The composition, application, and principle of fiber optic temperature measurement module

The main principle of FJINNO’s independently developed fluorescent fiber optic temperature measurement module is the integrated fiber optic temperature measurement system that utilizes the principle of fluorescent fiber optic temperature measurement. The temperature measurement module performs industrial temperature measurement in extremely special temperature measurement environments such as high voltage and strong electromagnetic interference in substation equipment, which traditional PT100 thermocouples cannot achieve. The fiber optic temperature measurement method has unique technical advantages.

The fluorescence fiber optic temperature measurement optical system is a good application in the field of fiber optic sensing. The fluorescence fiber optic temperature measurement system includes: an excitation light source, optical fiber, and photoelectric detection elements; The fiber optic temperature measurement module also includes: fluorescence transmission fiber, fluorescence fiber optic temperature measurement probe, and fiber optic coupler.

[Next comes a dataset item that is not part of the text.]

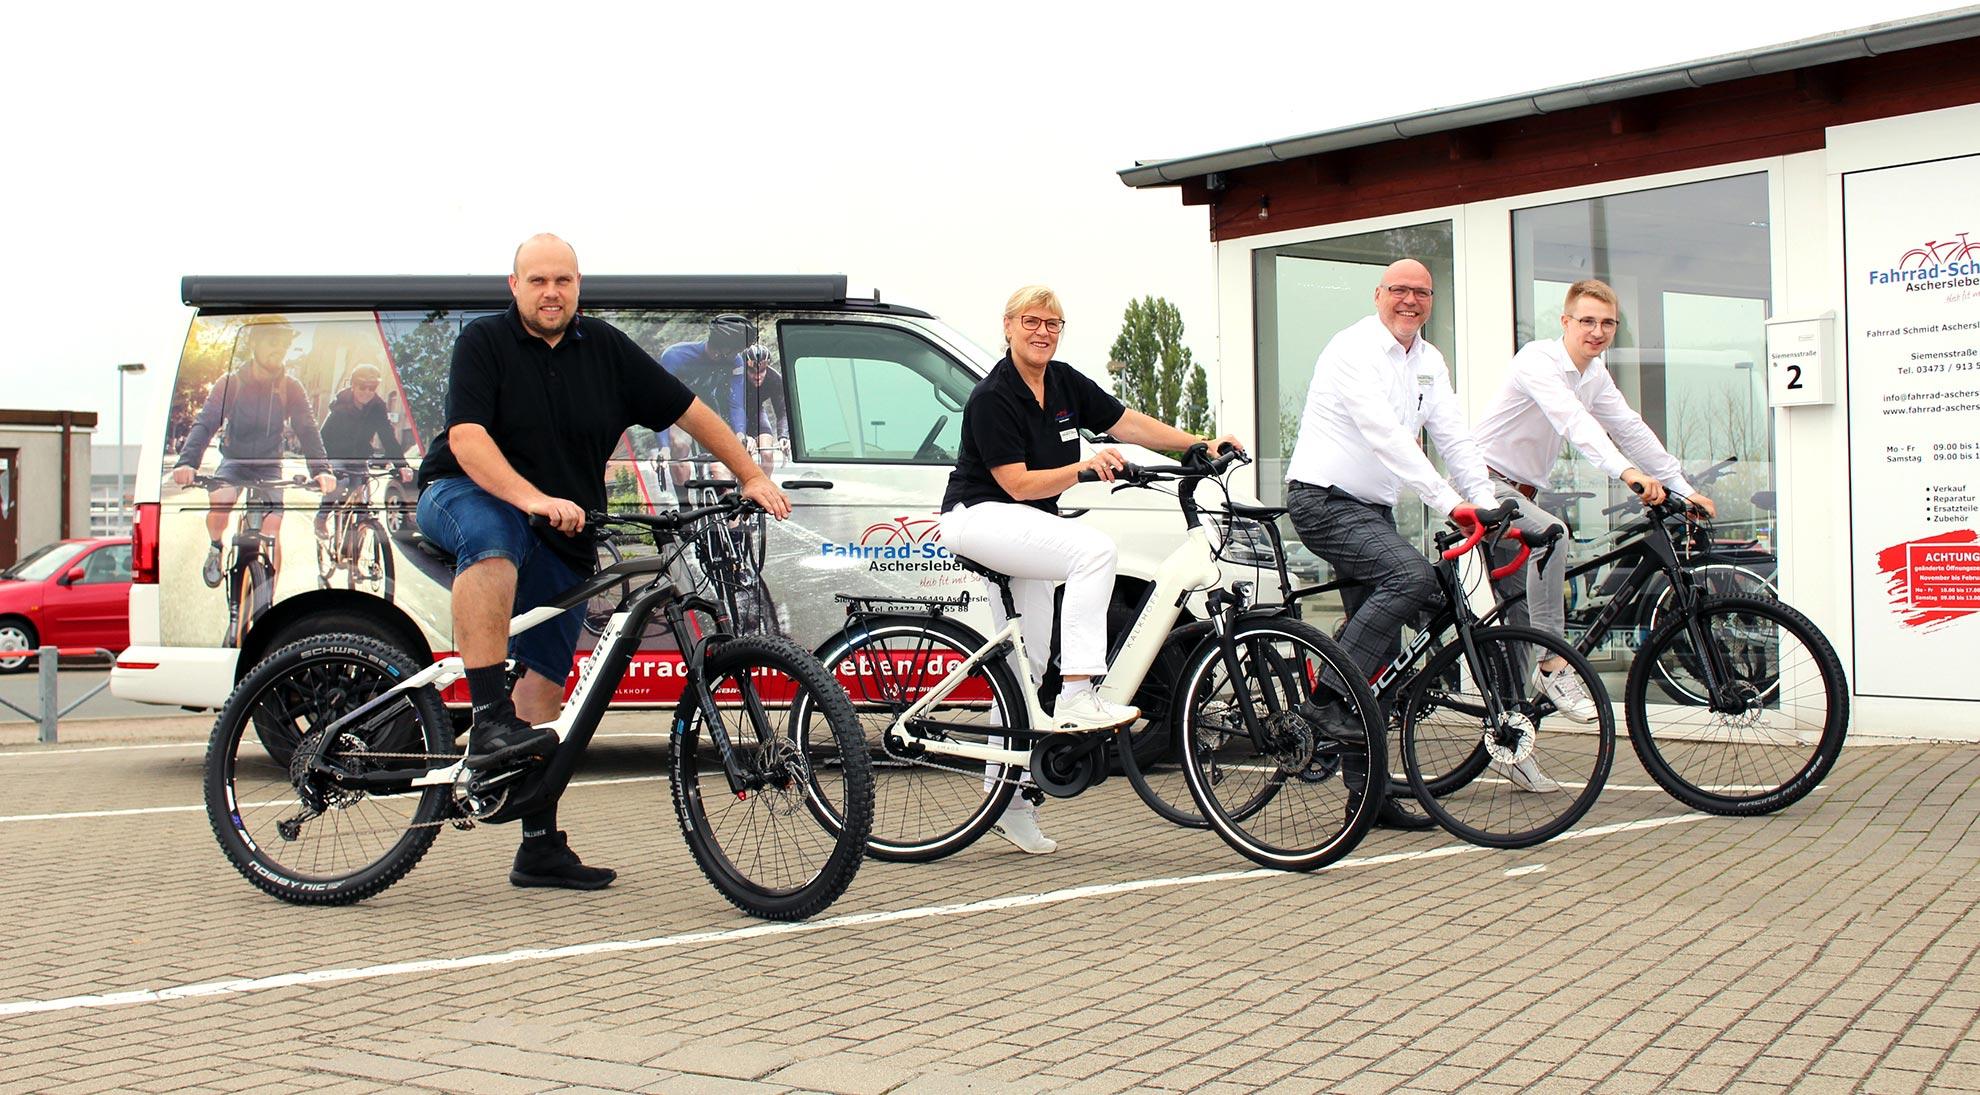 Team Fahrrad Schmidt

The application scope of fluorescent fiber optic temperature measurement host is particularly evident in the field of power, widely used in temperature monitoring of comprehensive power equipment such as oil immersed transformer temperature measurement, dry-type transformer temperature measurement, switchgear temperature measurement, reactor side ear temperature measurement, generator stator temperature measurement, high-voltage cable joint temperature measurement, high-voltage bus joint optical fiber temperature measurement, knife switch temperature measurement, etc. in substations, fully meeting the precise temperature measurement of point type. Fiber optic sensor monitoring and fiber optic signal transmission will not cause dangerous operations such as conductivity. Fiber optic has excellent insulation performance, does not cause lightning, is insulated, and is resistant to interference and high voltage.

The fluorescent fiber optic temperature measurement system adopts the latest generation of self-developed fluorescent fiber optic temperature measurement module and fluorescent temperature measurement probe, which has the advantages of intrinsic safety, strong electromagnetic interference resistance, good electrical insulation, lightning protection, high accuracy, stable temperature measurement performance, long service life, corrosion resistance, and small volume. The model processing part adopts advanced digital demodulation technology, which has real-time online temperature signal acquisition, processing, and uploading functions. The temperature information of the tested object is fully realized through optical signals from sensing, demodulation to transmission, fully realizing non electric detection and intrinsic safety. It has a wide range of application fields and has abundant customer cases in various industrial environments and laboratory fields such as power generation, power transmission, aerospace, industrial microwave, medical, food processing, petrochemical, plastic rubber industry, microwave chemistry, etc.

The fluorescence fiber temperature measurement system does not require calibration during its lifespan and is particularly suitable for real-time temperature monitoring in special industrial environments such as high voltage and strong electromagnetic (EMI/RFI/EMP). At the same time, the design of the fluorescent fiber optic temperature measurement module is flexible and reliable, and can complete multi-point temperature monitoring with complex topological structures, with strong environmental adaptability.

Introduction to the Principle of Fluorescent Fiber Temperature Measurement

The fluorescence fiber temperature module consists of a fluorescence fiber demodulator and a fiber optic temperature probe. The fiber optic probe is composed of a fiber optic and a fluorescent object installed on top of it. Fluorescent substances emit fluorescence energy when stimulated by light of a certain wavelength (stimulated spectrum). After the incentive is revoked, the persistence of fluorescence afterglow depends on factors such as the characteristics of the fluorescent substance and environmental temperature. This excited fluorescence typically decays exponentially, and we refer to the decay time constant as fluorescence lifetime or fluorescence afterglow time. FJINNO found through experiments that the attenuation of fluorescence afterglow varies under different environmental temperatures. Therefore, by measuring the length of the fluorescence afterglow lifetime and processing it through the fiber optic demodulation section, the ambient temperature at that time can be determined.